Am 3. Februar 2011 bin ich auf der Ham.Lit zu sehen und zu hören, und zwar um 20 Uhr in der Bar Terrace Hill im Bunker an der Feldstraße in Hamburg St. Pauli. Neben mir, vor mir, hinter mir, kann man auch diverse andere sehr gute Leute im Terrace Hill und im Uebel&Gefährlich sehen und hören, also: hingehen und durchhalten!

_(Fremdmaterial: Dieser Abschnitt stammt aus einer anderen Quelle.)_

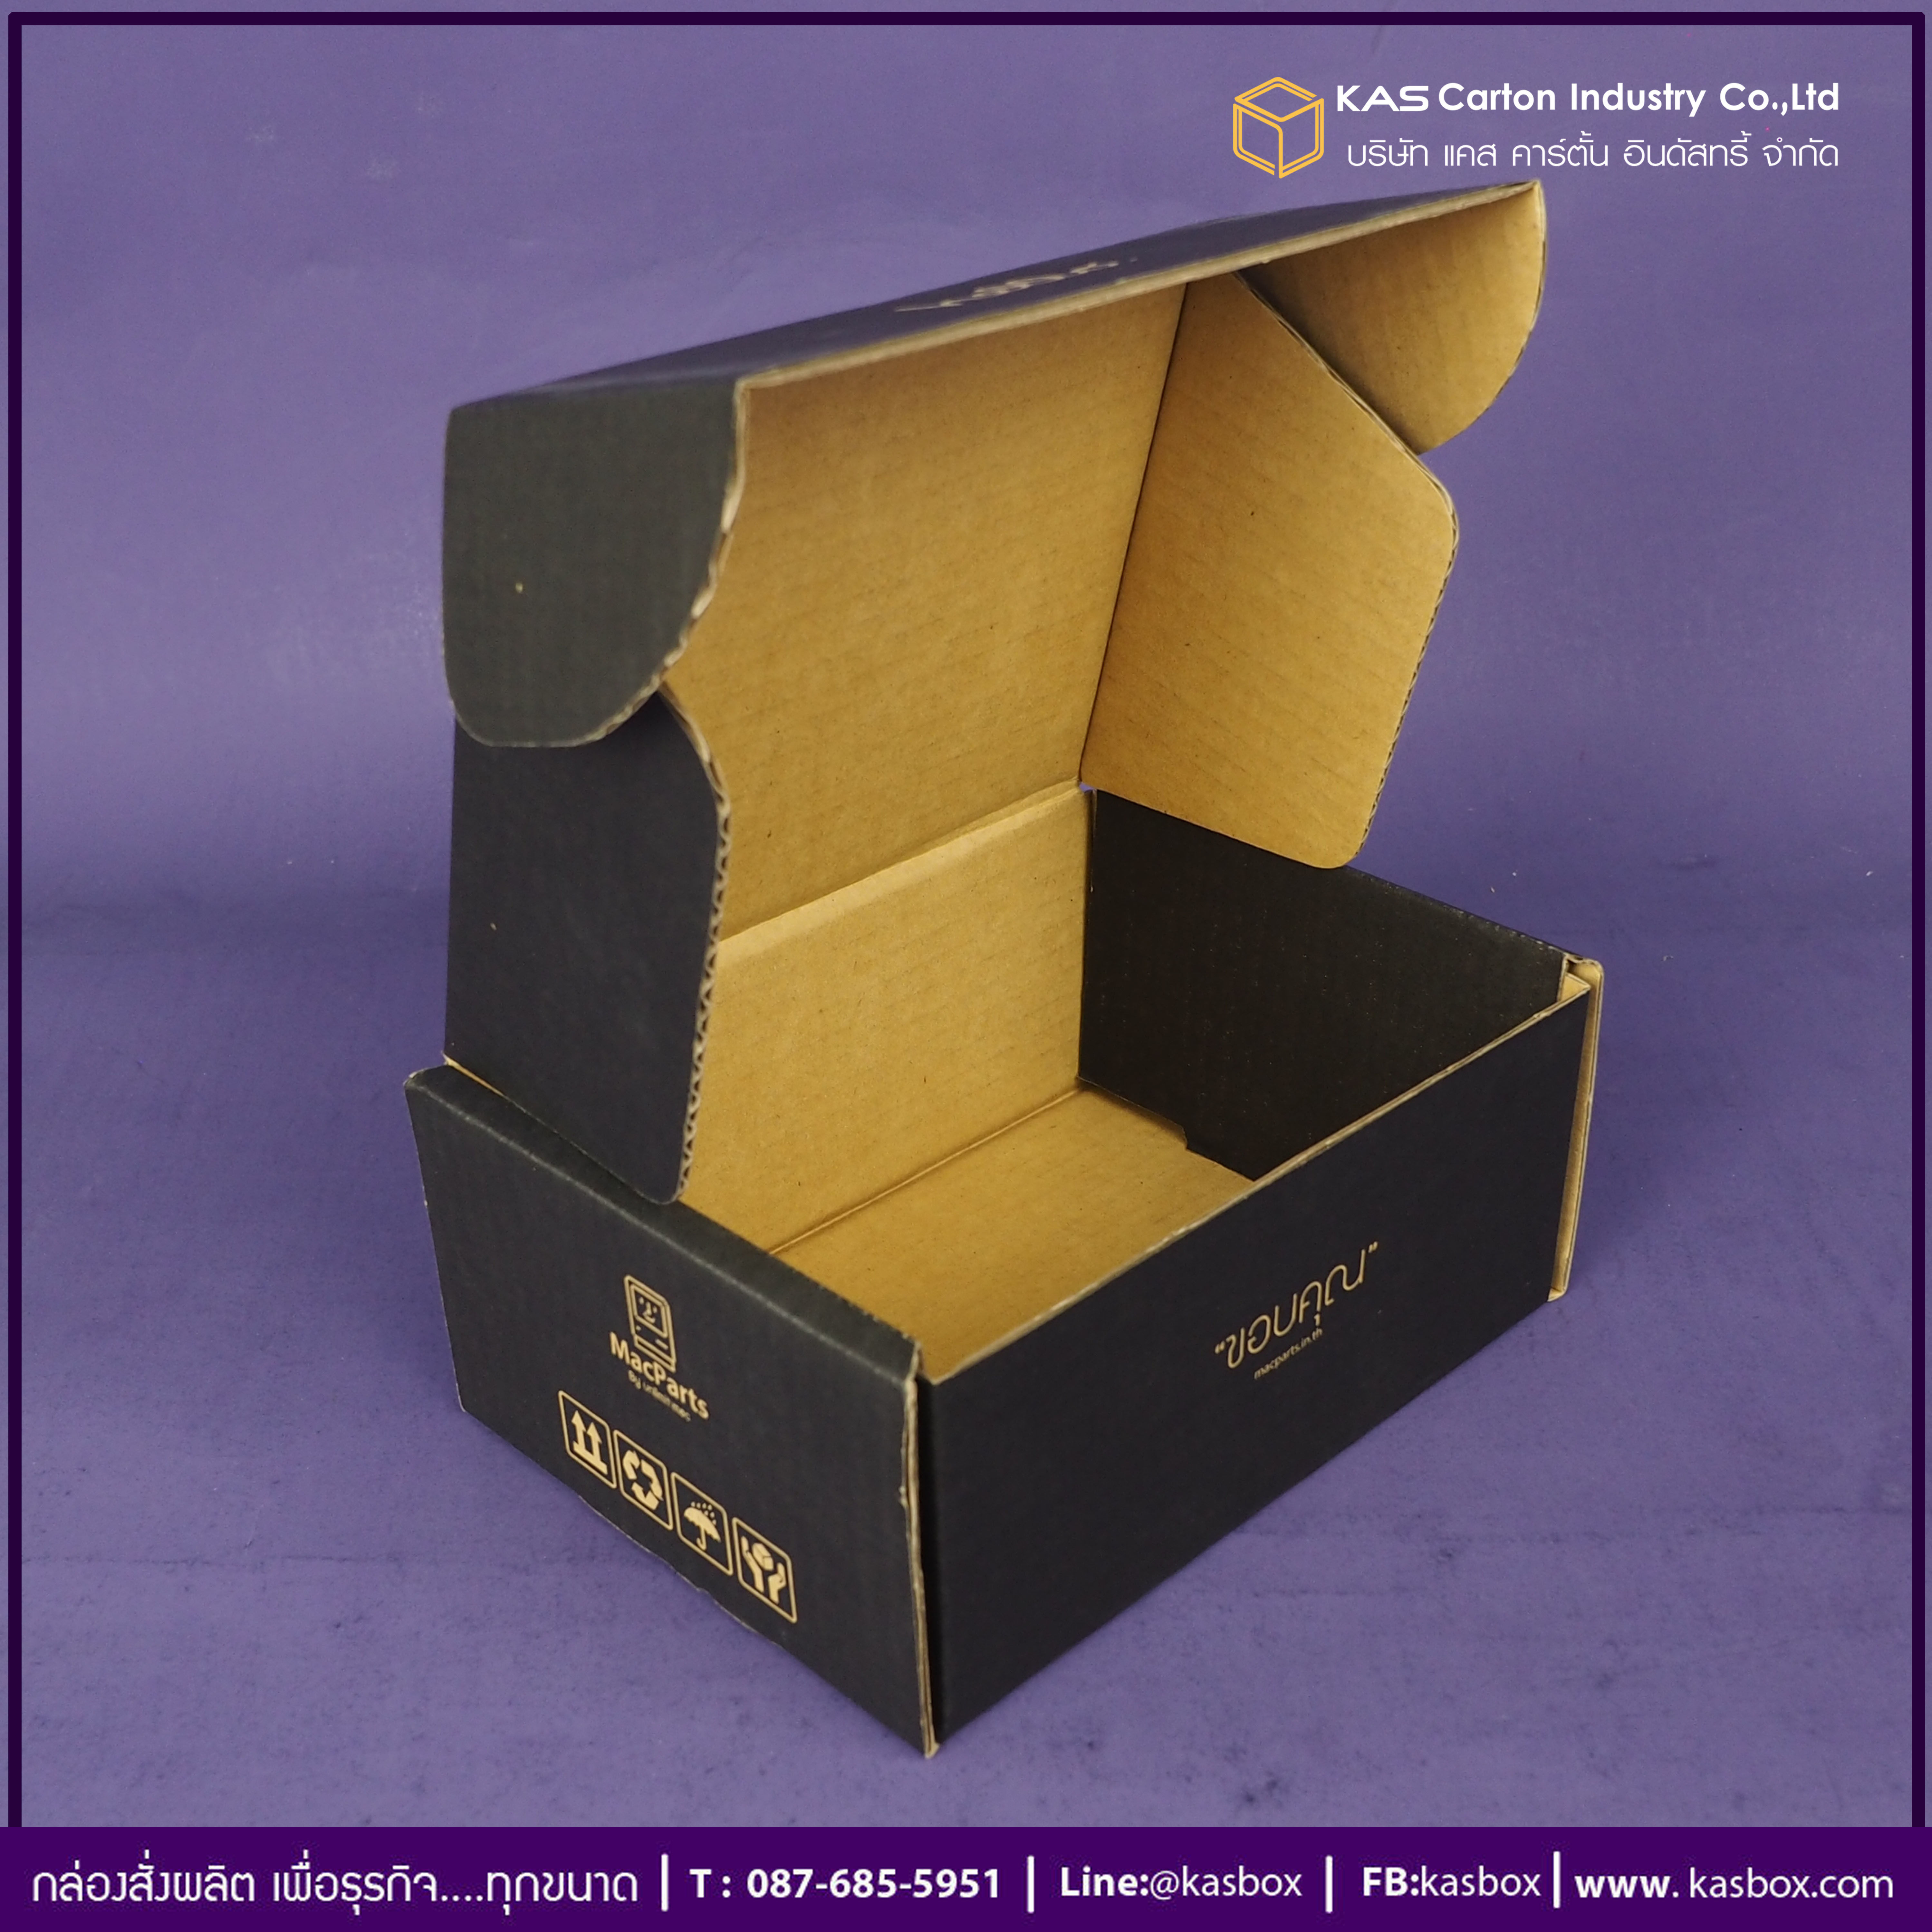 กล่องลูกฟูก สำเร็จรูป และ สั่งผลิต ตามความต้องการลูกค้า กล่องกระดาษลูกฟูก E-Commerce

Mittwoch, 17. November 2010

Lesung Gängeviertel

Ich lese am Freitag um 20 Uhr aus "Hasenherz", dem ersten (deutschen) Band der Rabbit-Reihe. Ich hoffe, dass, denn noch bin ich krank.

Montag, 8. November 2010

Marathonlesung im Gängeviertel


Bibliothek im Gängeviertel

Vom 19.-21.November haben wir (die Veranstalter im Gängeviertel, K.S.) eine ganz besondere (Veranstaltung) als Soliveranstaltung für die gekürzten Bücherhallen Hamburgs geplant. Wir veranstalten eine Marathonlesung zum Thema Lieblingsbuch, die mindestens 72 Stunden dauert. Tagsüber wird es famienfreundlich und nachts spannend bis frivol mit Matratzenlager und Glühwein. Außerdem basteln wir an vielen Highlights wie einem Soundeffekteisch, szenischen Darstellungen, einer Comiclesung, Livezeichen etc. Da es sich hierbei um eine reine Liebe-zum-Buch- und keine Marketinglesung handelt, wird niemand etwas Selbstverfasstes vortragen. Aber es ist auch spannend zu hören, was die Lieblingsbücher von Autoren bzw. einiger Kultur-Promis, die schon zugesagt haben, so sind.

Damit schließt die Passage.